Sungbo Park<sup>1</sup>, Ingab Kang<sup>2</sup>, Yaebin Moon<sup>2</sup>, Jung Ho Ahn<sup>2</sup>, and G. Edward Suh<sup>1</sup>
<sup>1</sup>Cornell University, <sup>2</sup>Seoul National University

#### 1. Motivation

Memory-intensive workloads such as in-memory databases have large working sets, and their performance is often quite sensitive to memory capacity. For example, if an application's working set does not fit in memory, disk accesses can significantly degrade performance. Unfortunately, the main memory (DRAM) cost is already a significant portion of the total cost of modern data centers, and it is costly to simply increase physical memory capacity. Moreover, large-capacity DRAM modules consume a significant amount of energy; DRAM consumes  $20{\sim}30\%$  of the system energy in data centers [3]. Thus, reducing the physical DRAM capacity needed for a given workload is important to save DRAM cost and energy consumption.

### 2. Limitations of the State of the Art

Hardware-based memory compression techniques have the potential to significantly reduce the DRAM cost and improve the performance of memory-constrained applications by allowing more data to be stored in given physical memory. However, memory compression techniques need to carefully balance complexity and compression ratio; complex compression algorithms often achieve a higher compression ratio but may lead to significant performance degradation due to additional memory accesses and decompression latency.

Pattern-based Cache-Line Compression: Since additional memory accesses may significantly hinder performance due to the long latency, most memory compression techniques operate at a cache-line granularity.

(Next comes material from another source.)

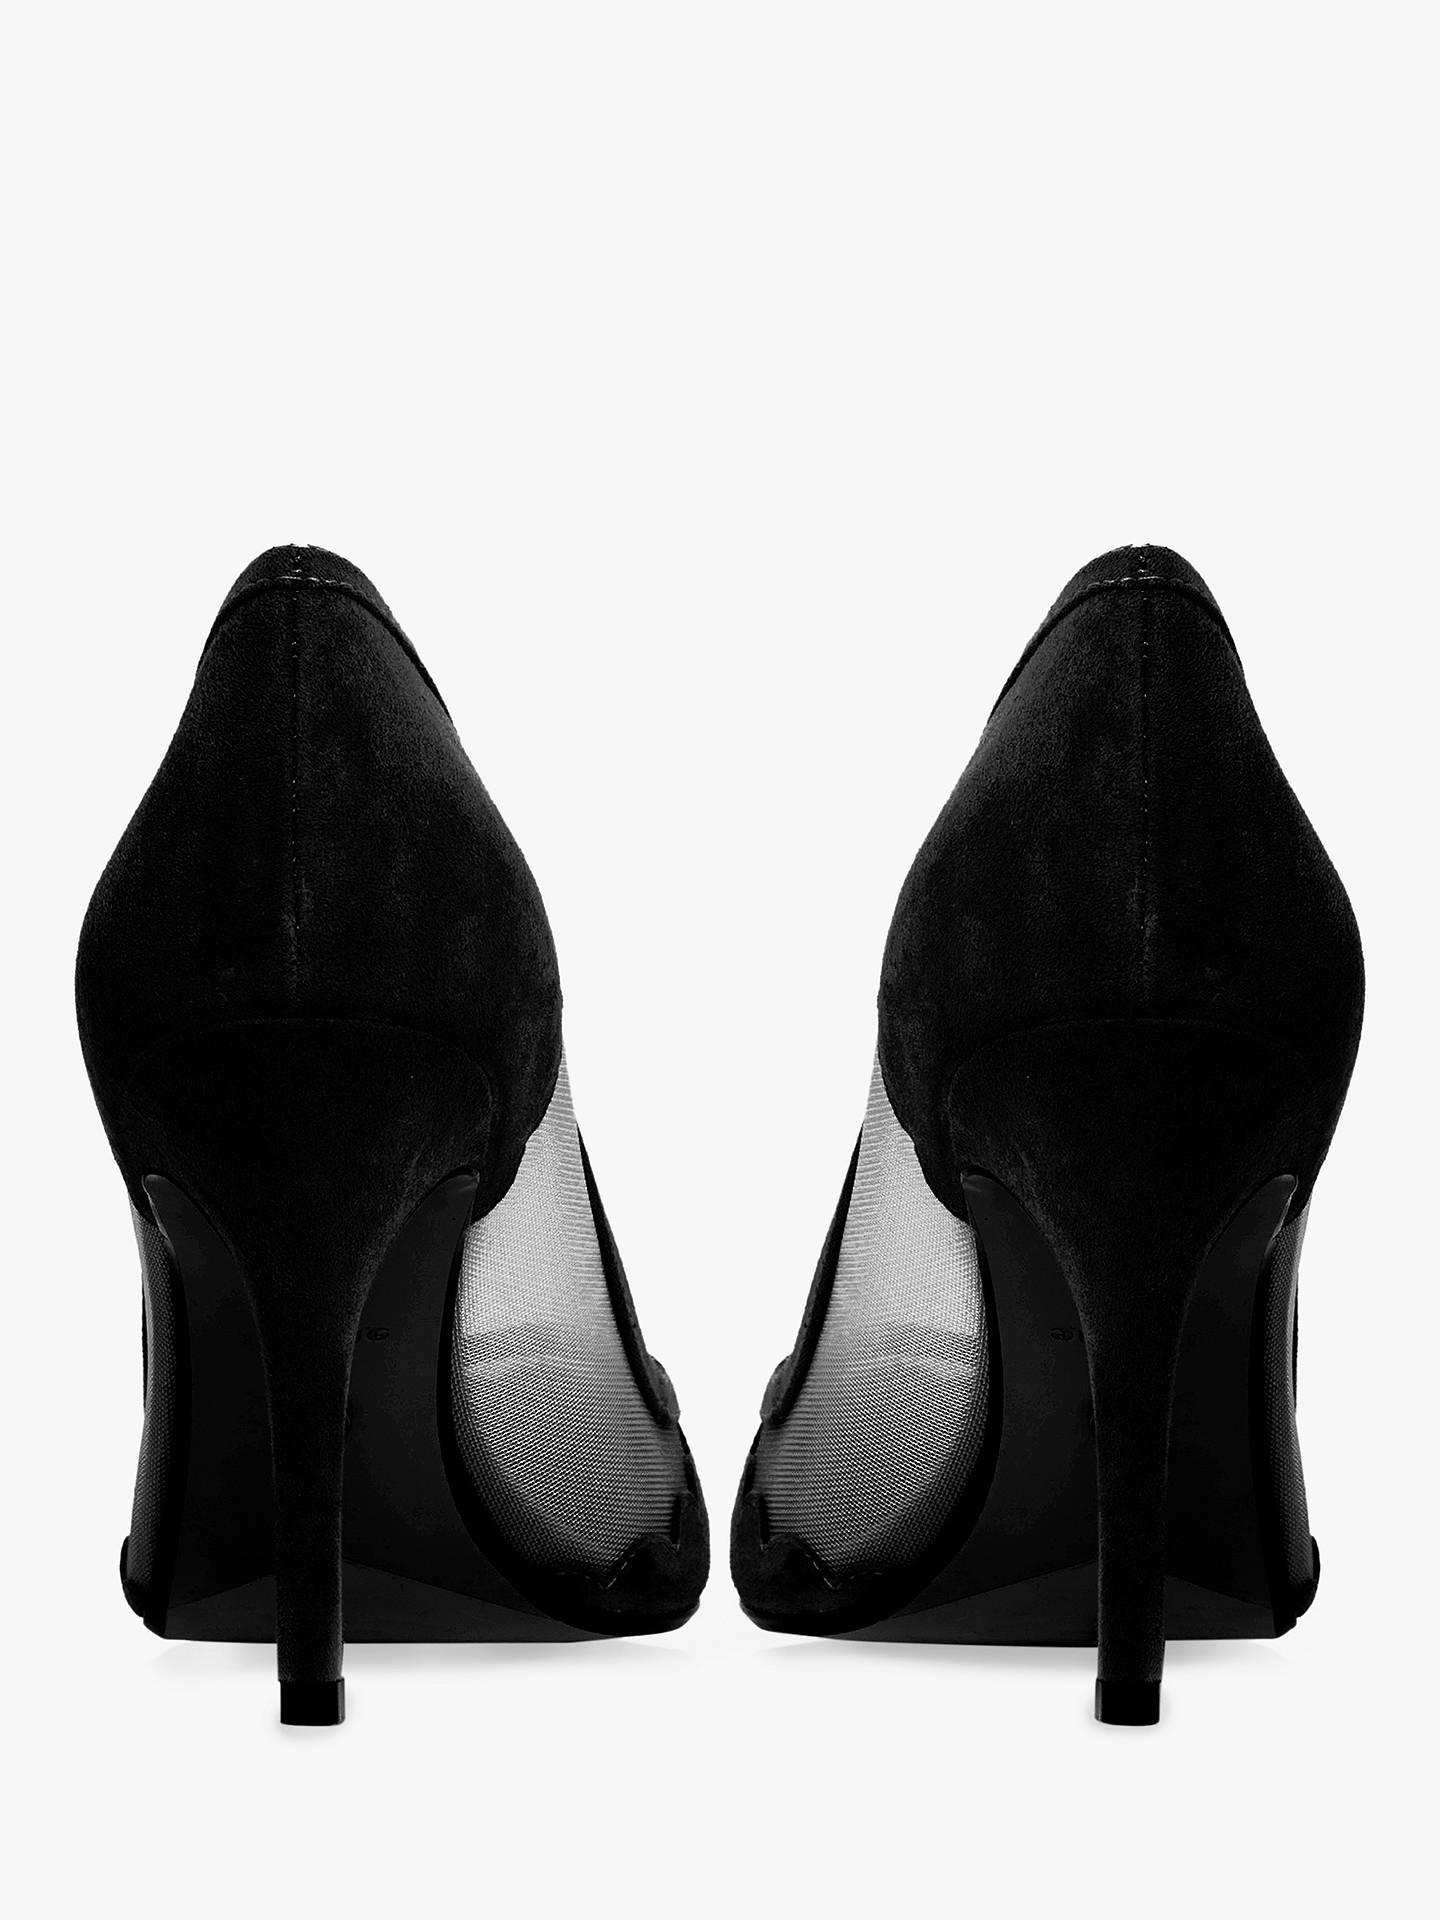 0d7198ca4f6 Dune Bellevue Semi Sheer Court Shoes, Black Suede
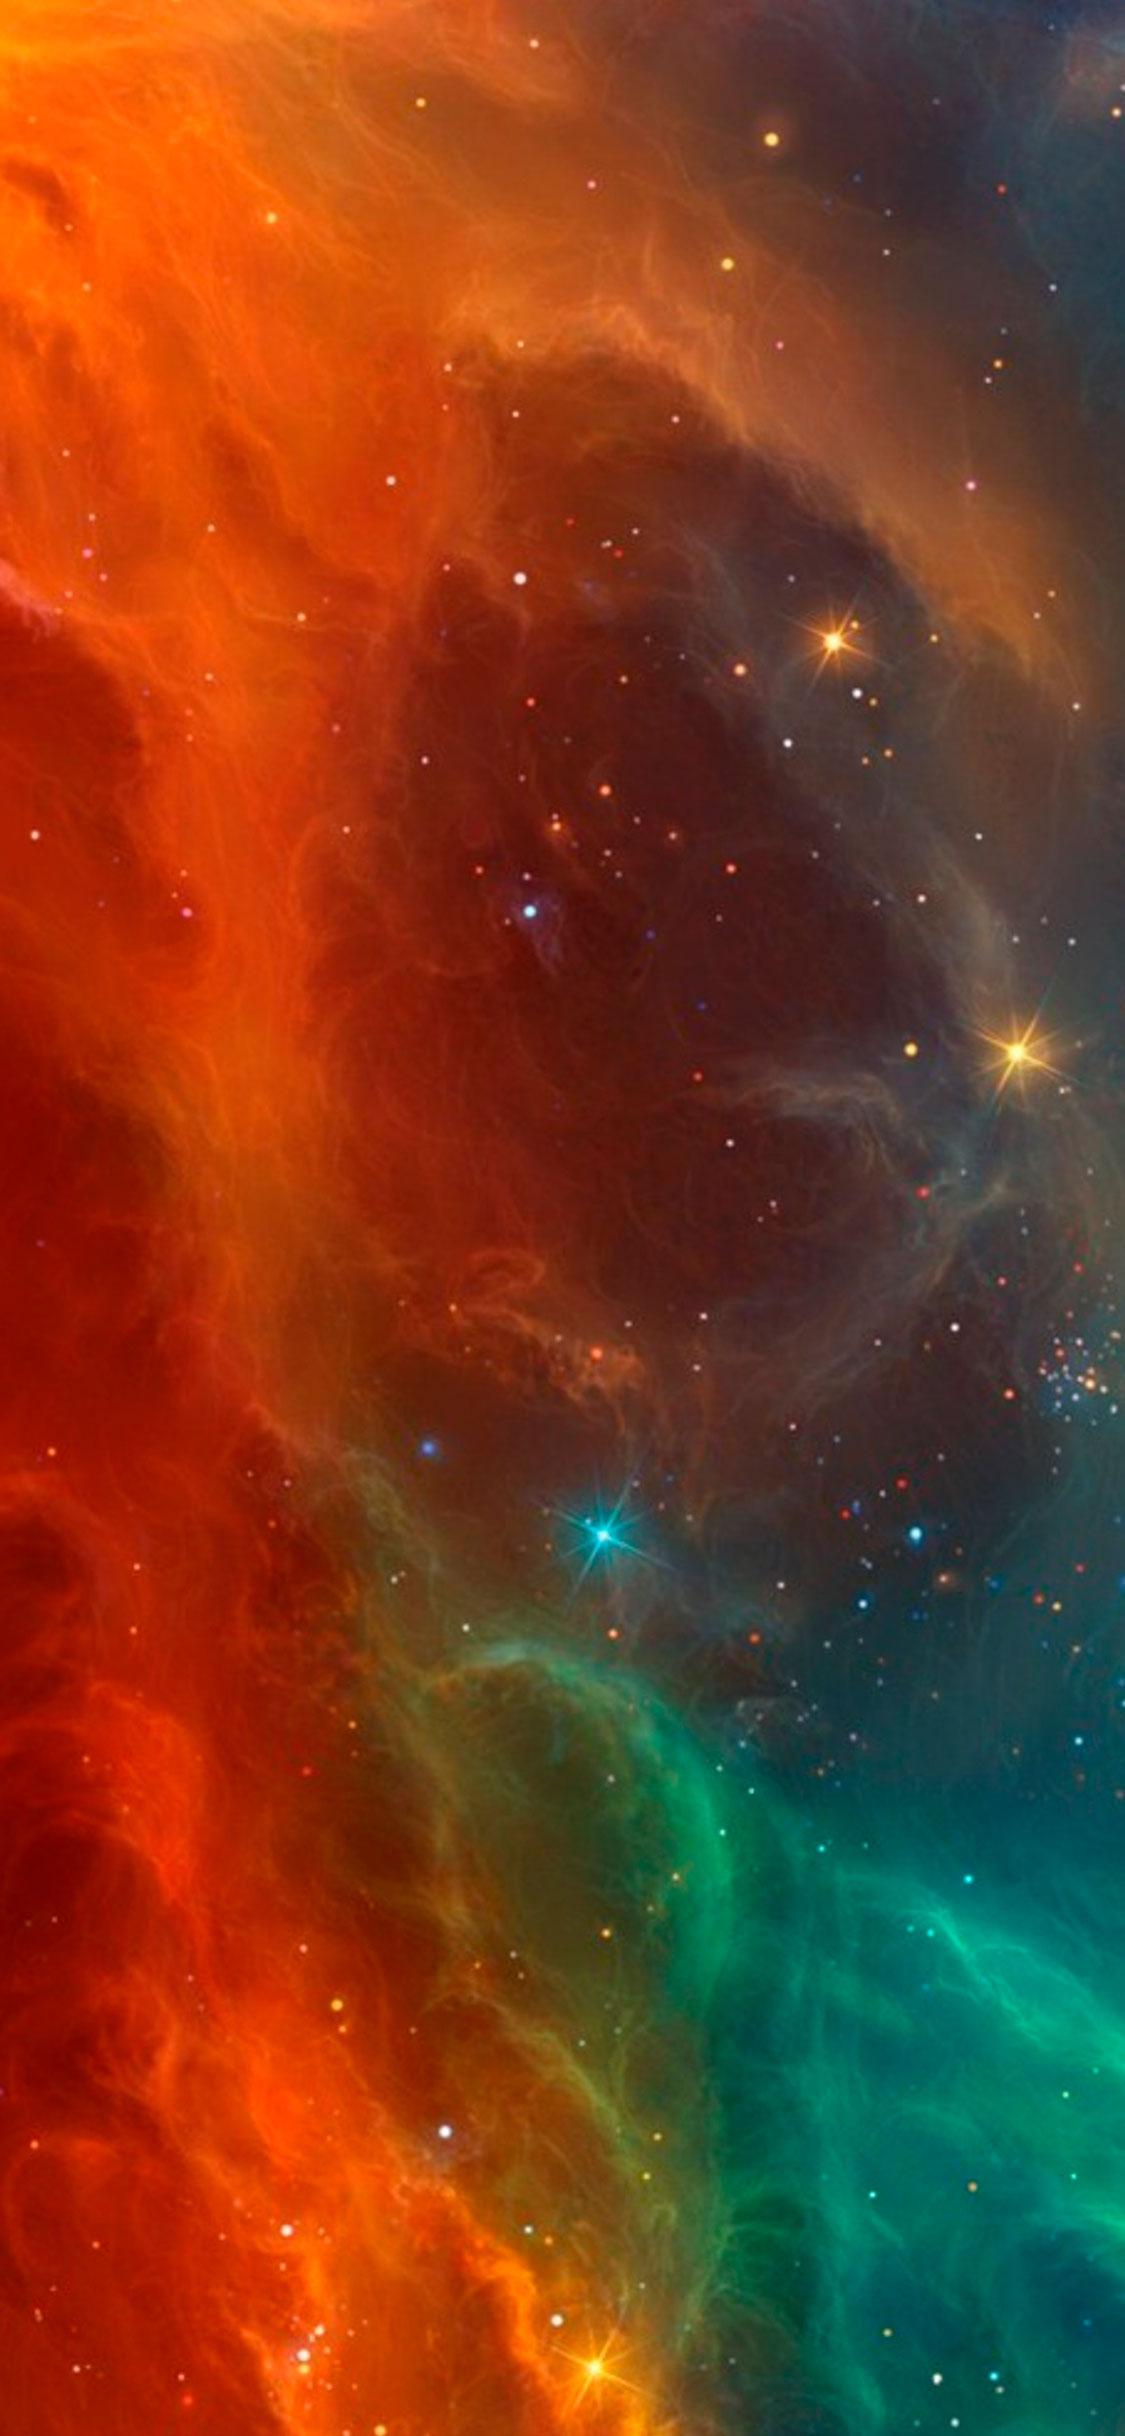 iPhone wallpaper galaxy1 Galaxy

These techniques have low latency, but they often have relatively low compression ratios because they cannot exploit redundancy beyond one cache line.

**Dictionary-Based Compression:** Since a dictionary-based approach requires additional accesses to the dictionary, only a few schemes, including IBM's Memory Expansion Technology (MXT) [2], have been proposed for main memory. While MXT has a relatively high compression ratio, it has long latencies to compress and decompress a 1-KB block at a time. To hide the latencies, MXT uses a 32-MB cache in front of the compressed memory. Even with the large cache, the performance overhead would be significant for applications with working sets larger than the large cache.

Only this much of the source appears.